The converse will be true for the white doctors.

It has to do with average family incomes in the white versus black parts of the whole whole community.

If you’ve got the cash, even trump could be a physician in the states…

Could that actually be true?

I mean he is quite thick, how could he possibly pass?

He’d make the exams great again.

Reply Quote

Date: 21/08/2020 19:28:21
From: Rule 303
ID: 1607933
Subject: re: Physician-patient racial concordance

sibeen said:


poikilotherm said:

Michael V said:

Not quite what I meant, but it is a point well made.

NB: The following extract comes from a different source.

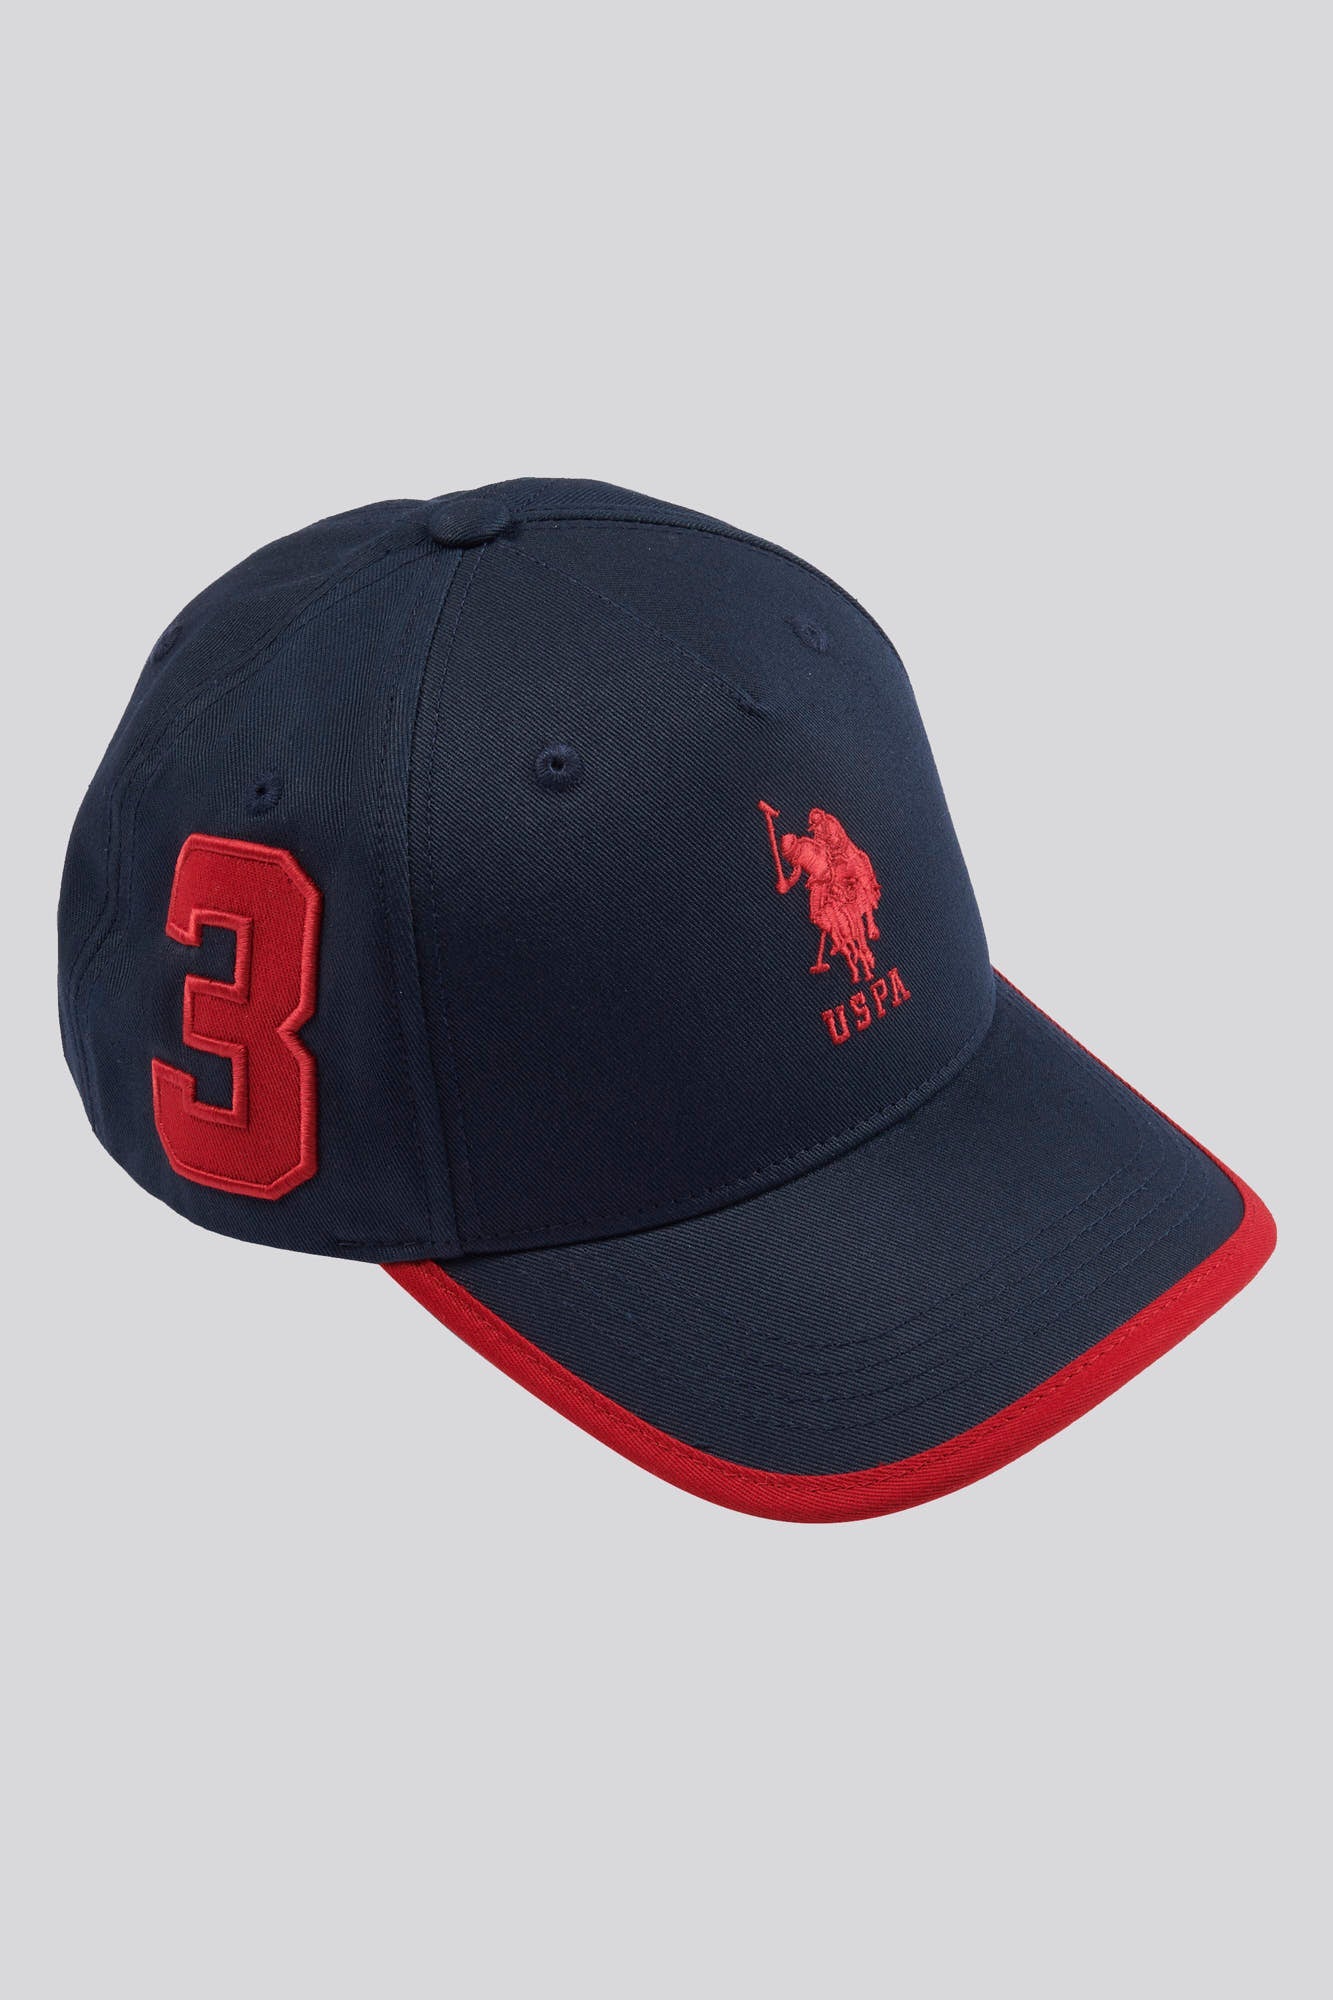 U.S. Polo Assn. Mens Player 3 Baseball Cap in Dark Sapphire Navy / Haute Red DHM
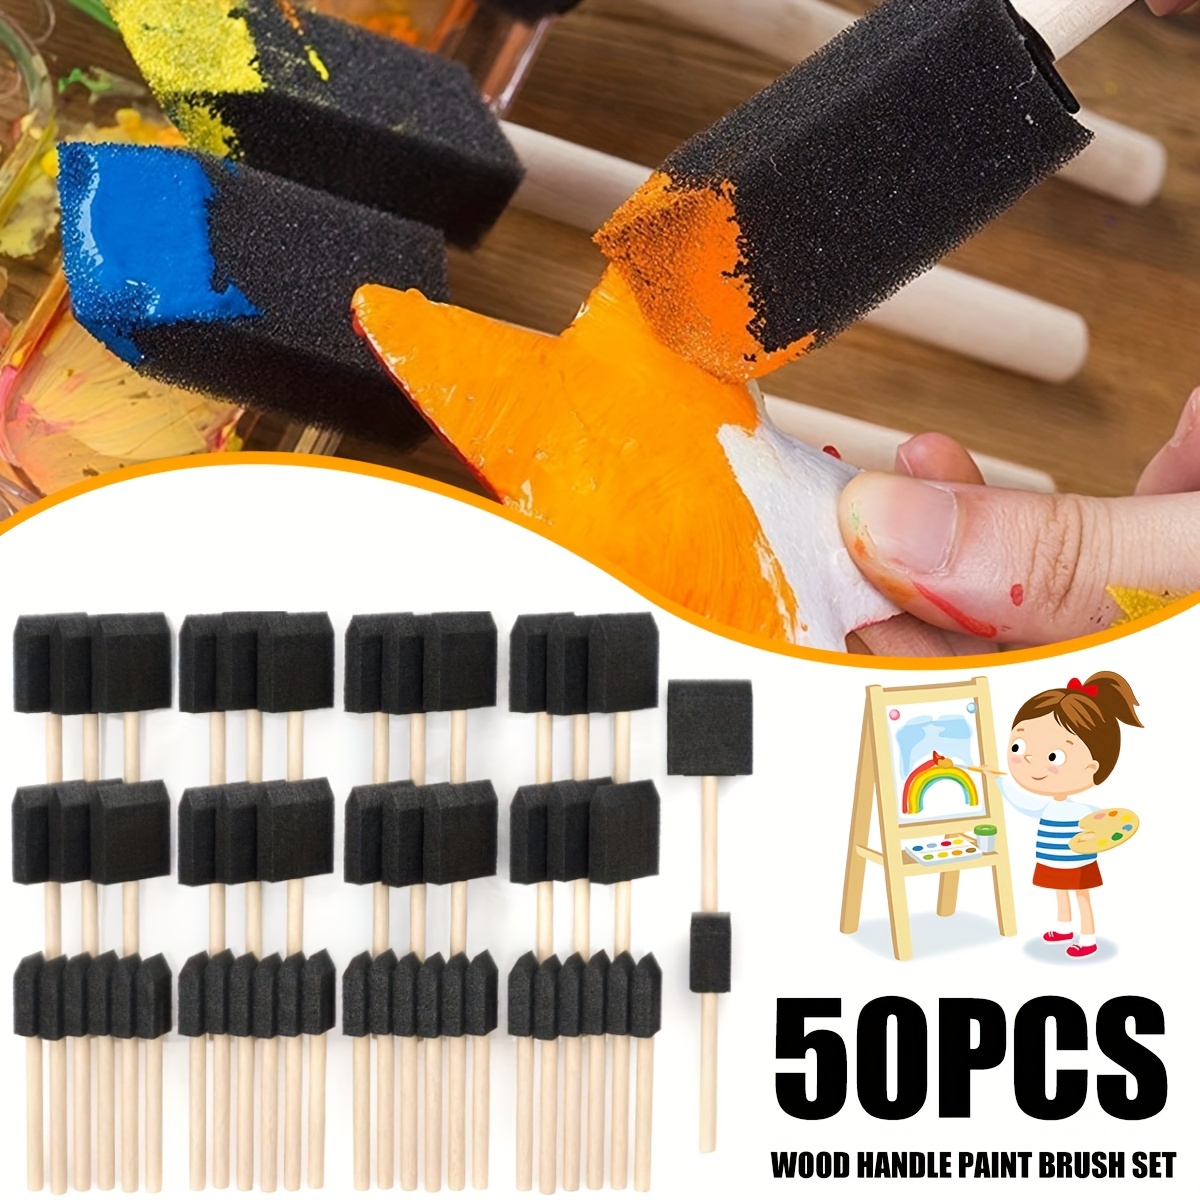 Foam Paint Brush, Sponge Brush Foam Paint Brushes, 50Pcs Sponge Paint Brush  Foam Brush Set for DIY Projects Art Classes

Here’s another version of what I was thinking:

Over all, coming out of university – because of cost – there will be considerably less black doctors, but of considerably higher average grades – because of the proportion of (black) scholarship holders versus (black) full fee-paying students.

The converse will be true for the white doctors.

It has to do with average family incomes in the white versus black parts of the whole whole community.

If you’ve got the cash, even trump could be a physician in the states…

Could that actually be true?

I mean he is quite thick, how could he possibly pass?

Have someone else do the assessments, hire an interpreter who knows the subject and feeds him the answer, the usual cheating strategies (copying etc), present false documents to claim exemption. I see most of these strategies almost any day I go training overseas students in Melbourne.